The IJ determined, and the BIA agreed, that Chen failed to show by clear and convincing evidence that he filed his asylum application within one year of his arrival in the United States. Title 8, Section 1158(a)(3) of the United States Code provides that no court shall have jurisdiction to review the agency’s finding that an asylum application was untimely under 8 U.S.C. § 1158(a)(2)(B), or its finding of neither changed nor extraordinary circumstances excusing the untimeliness under 8 U.S.C. § 1158(a)(2)(D). However, this Court retains jurisdiction to review constitutional claims and matters of statutory construction under 8 U.S.C. § 1252(a)(2)(D). See Xiao Ji Chen v. U.S. Dept. of Justice, 434 F.3d 144, 152 (2d Cir.2006). Chen argues that the IJ violated his right to due process by failing to adequately consider a passenger ticket and baggage check issued by Gulf Air in May 2001 and an airline ticket issued by China Eastern Airlines issued in August 2001, each of which falls within one year of the Chen’s filing of his asylum application in March 2002. Mere evidentiary errors that do not affect the fundamental fairness of the proceedings do not implicate due process. We perceive no such errors.

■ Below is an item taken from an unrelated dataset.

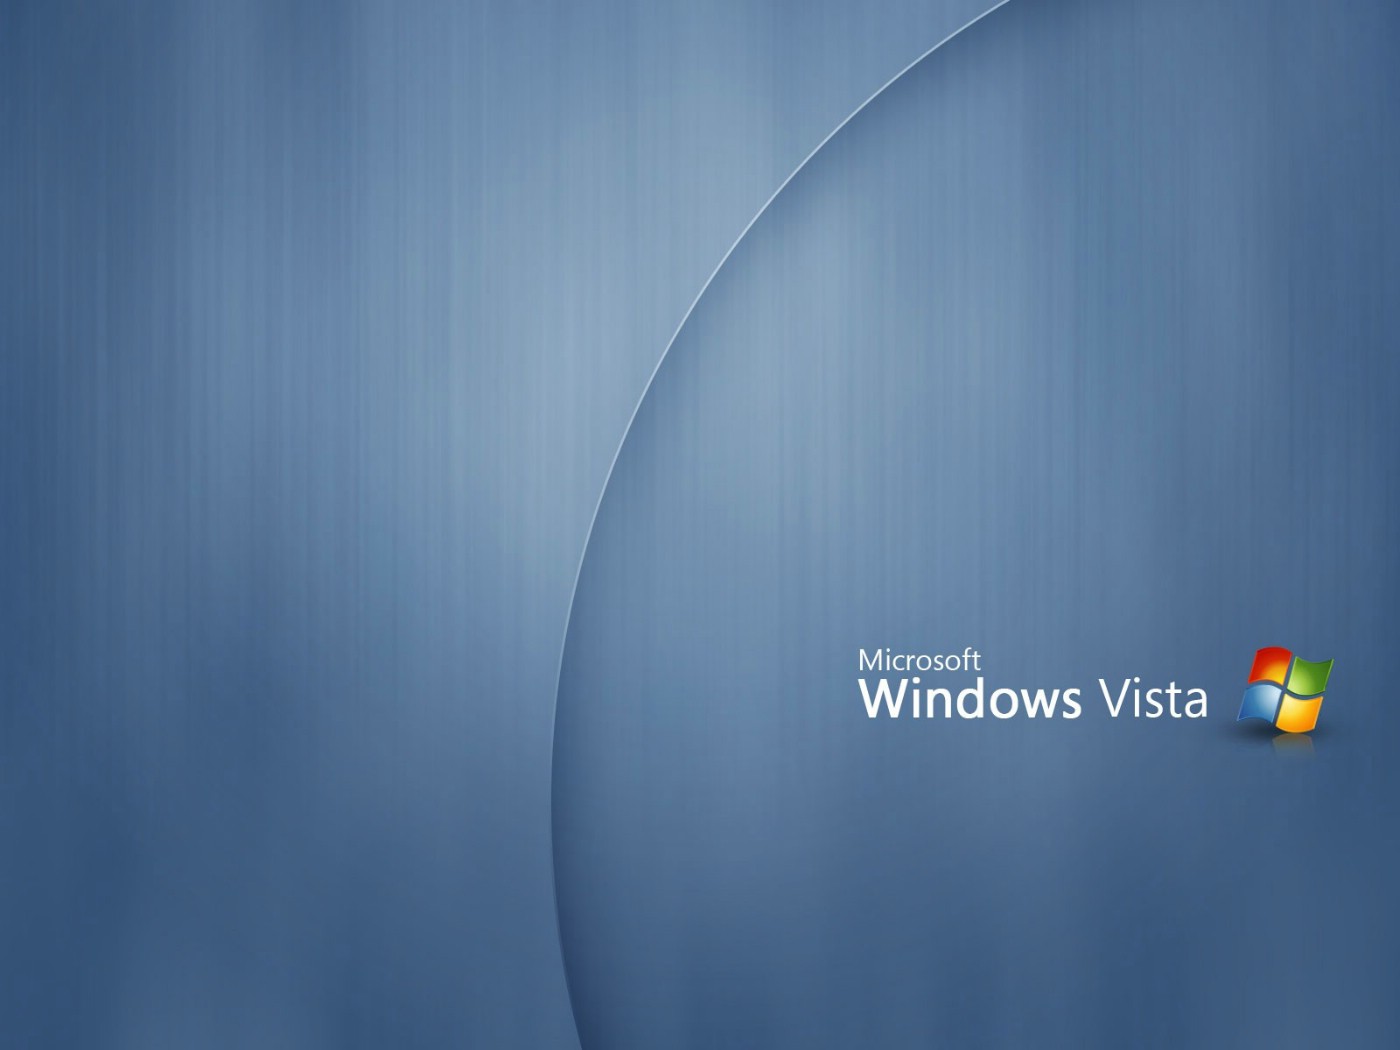 壁纸1400x1050Windows Vista壁纸 壁纸19壁纸 Windows Vista壁纸壁纸 Windows Vista壁纸图片 Windows Vista壁纸素材 系统壁纸 系统图库 系统图片素材桌面壁纸

In determining that Chen did not establish that his asylum application was timely, the IJ stated:

[Chen] has offered only photocopies of certain documents relating to the one year issue. He has offered a photocopy of a ticket from Gulf Air. It’s relevance doesn’t seem to be substantial as this was issued in May and doesn’t seem to relate to [Chen’s] trip to the United States. He [ ] also offered a photocopy of a ticket from Eastern China Airlines from August of 2001. [Chen] has not offered the ticket that he used to fly from Shanghai to the United States though he indicates that he flew from Shanghai to Los Angeles on Eastern China Airlines.

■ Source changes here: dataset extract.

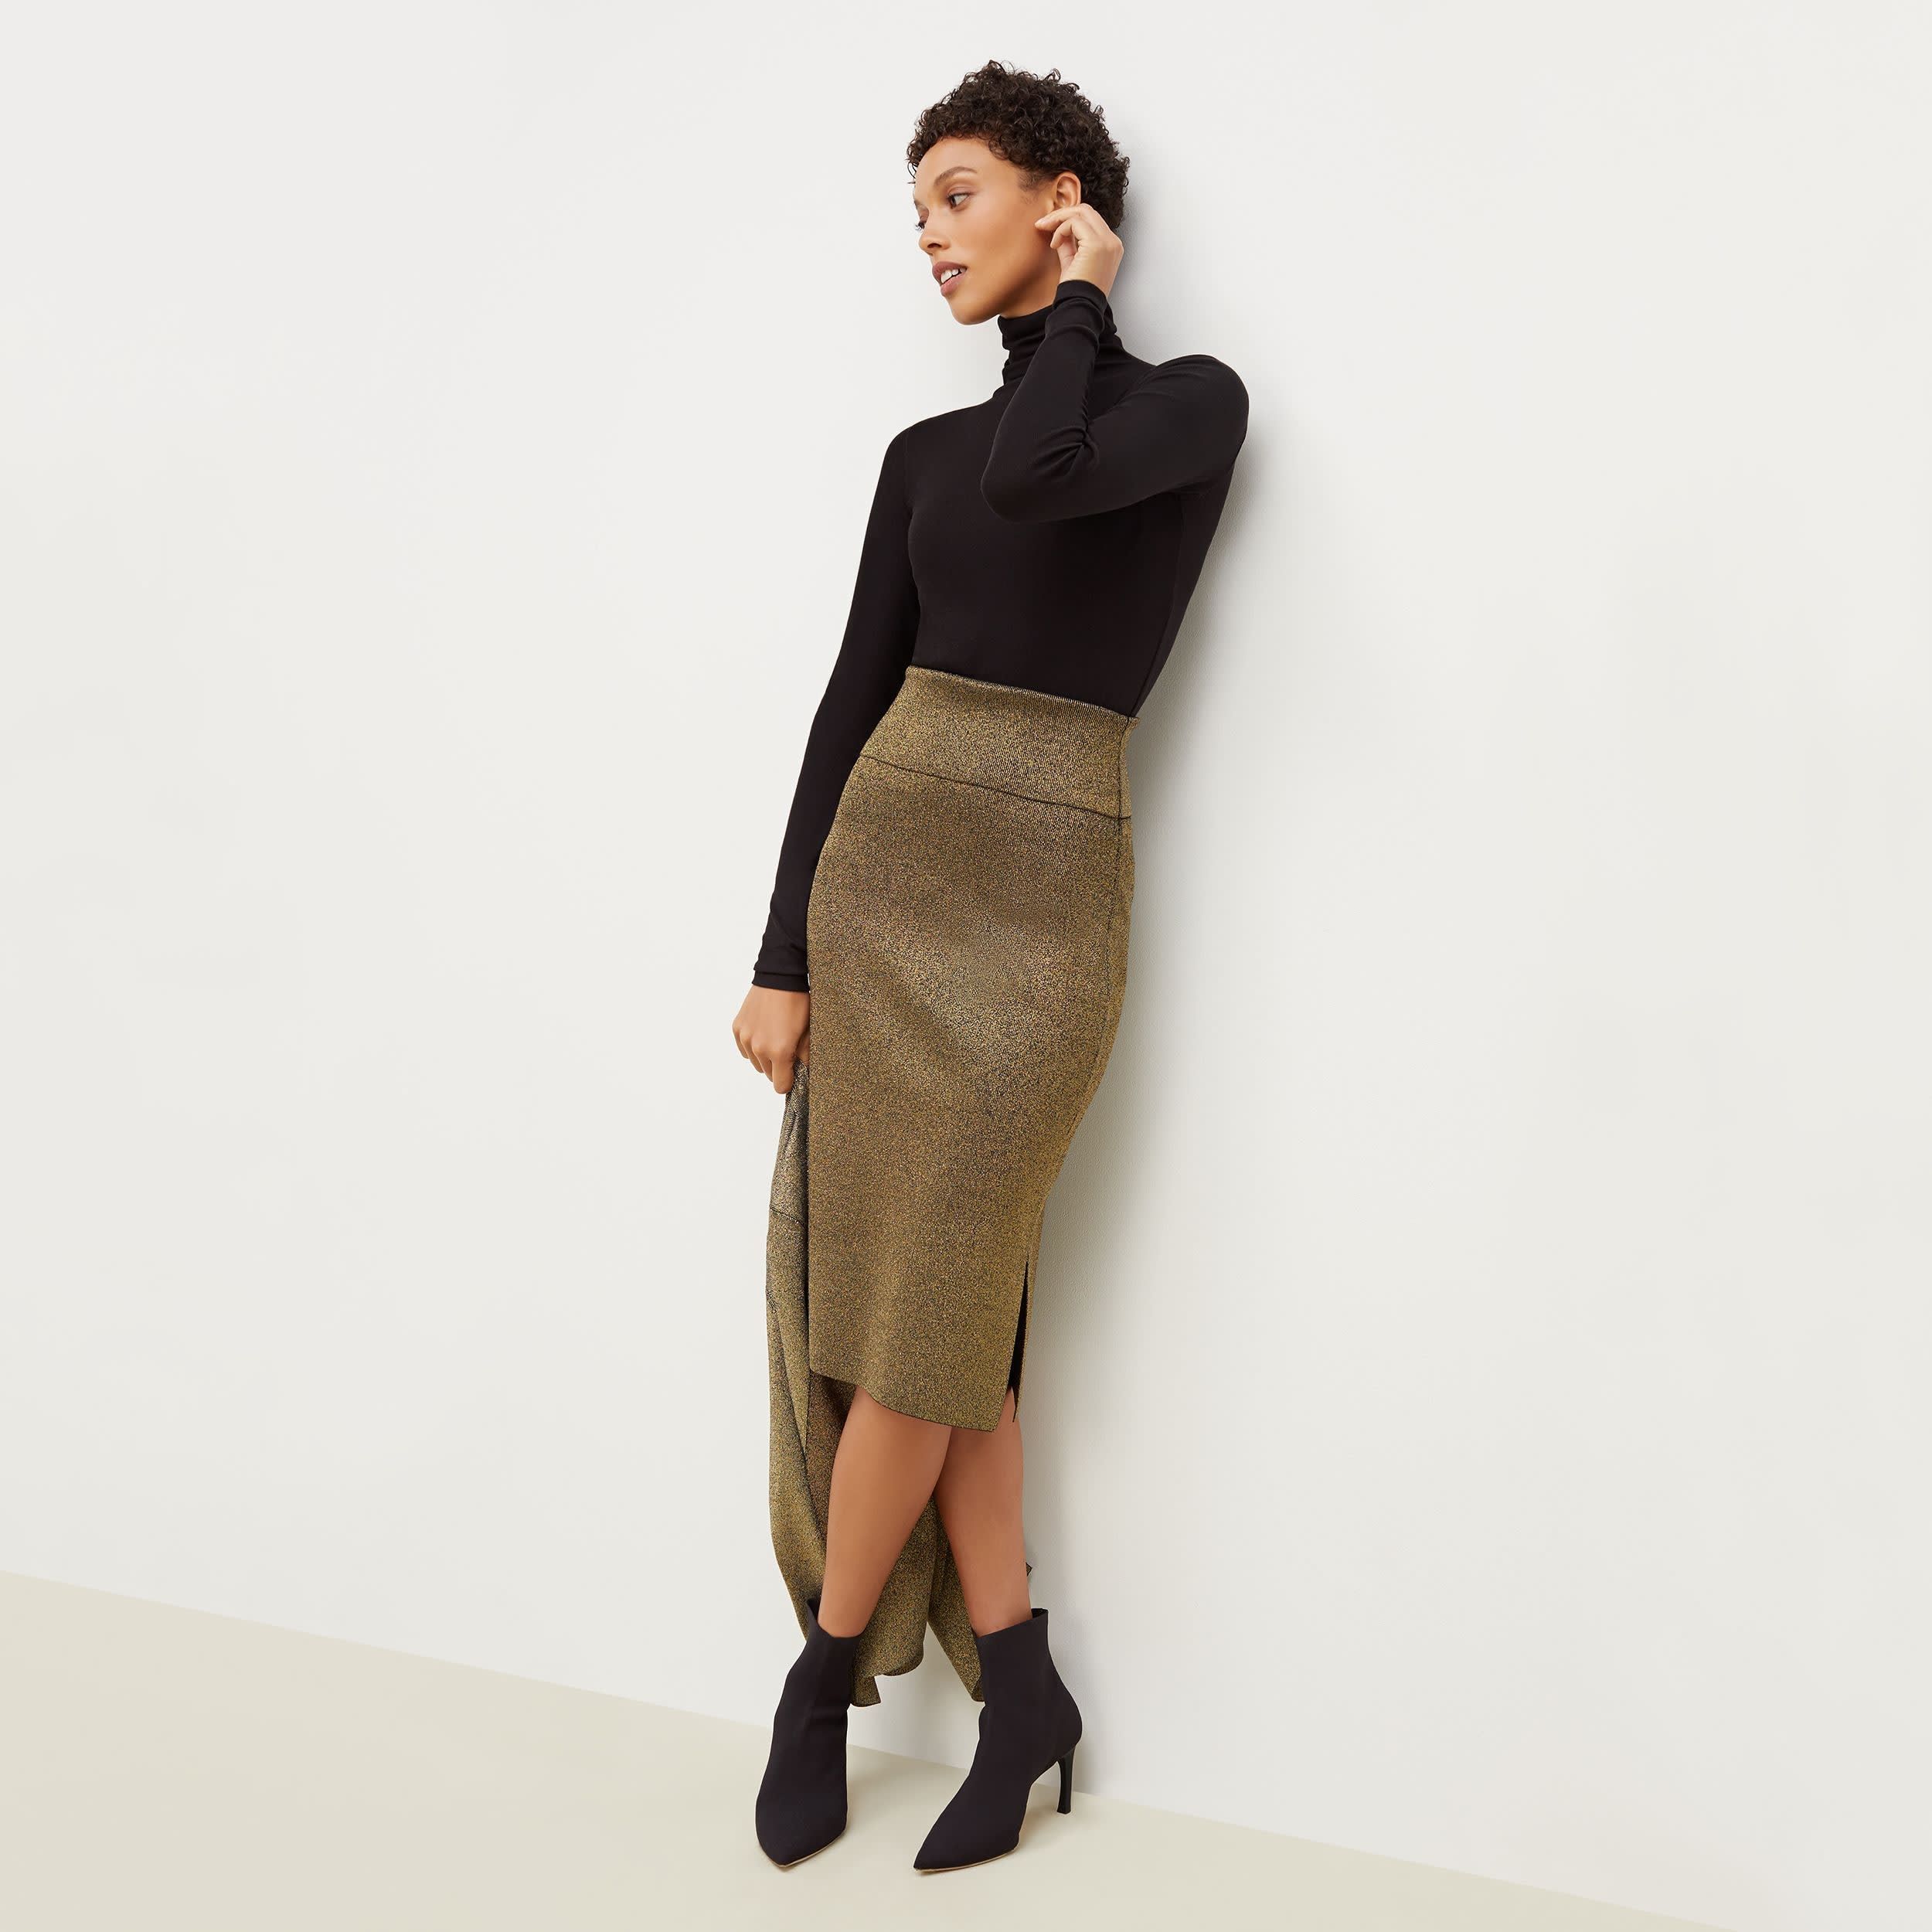 Harlem Skirt - Gold Knit :: Black / Gold | MM LaFleur

The IJ explicitly discussed both pieces of evidence specified by Chen; the record thus indicates that she adequately considered these documents. Chen contends that the IJ mischaracterized the Gulf Air ticket submission as a photocopy as opposed to an original. However, as the IJ’s finding with respect to this ticket related to its relevance and not its weight, and the fact that she erroneously viewed it as a photocopy was inconsequential to her decision.

Since the agency did not violate Chen’s right to due process, and this Court does *84not have jurisdiction to review the merits of the agency’s finding that Chen’s application was untimely. 8 U.S.C. § 1158(a)(3) (2005); Xiao Ji Chen, 434 F.3d at 155. The IJ’s denial of asylum based on the one-year bar stands, and an analysis of whether the IJ denied Chen due process by failing to put in evidence or take adequate administrative notice of Chinese country condition materials in making her alternative finding on his asylum claim is unnecessary.

Because Chen failed to address the IJ’s denial of withholding of removal and relief under the CAT, he has waived any challenge to those findings. Yueqing Zhang v. Gonzales, 426 F.3d 540, 546 n. 7 (2d Cir. 2005).

For the foregoing reasons, the petition for review is DENIED. Accordingly, the government’s motion for remand and for extension of time is also DENIED as moot. Having completed our review, any stay of removal that the Court previously granted in this petition is VACATED, and any pending motion for a stay of removal in this petition is DENIED as moot. Any pending request for oral argument in this petition is DENIED in accordance with Federal Rule of Appellate Procedure 34(a)(2), and Second Circuit Local Rule 34(d)(1).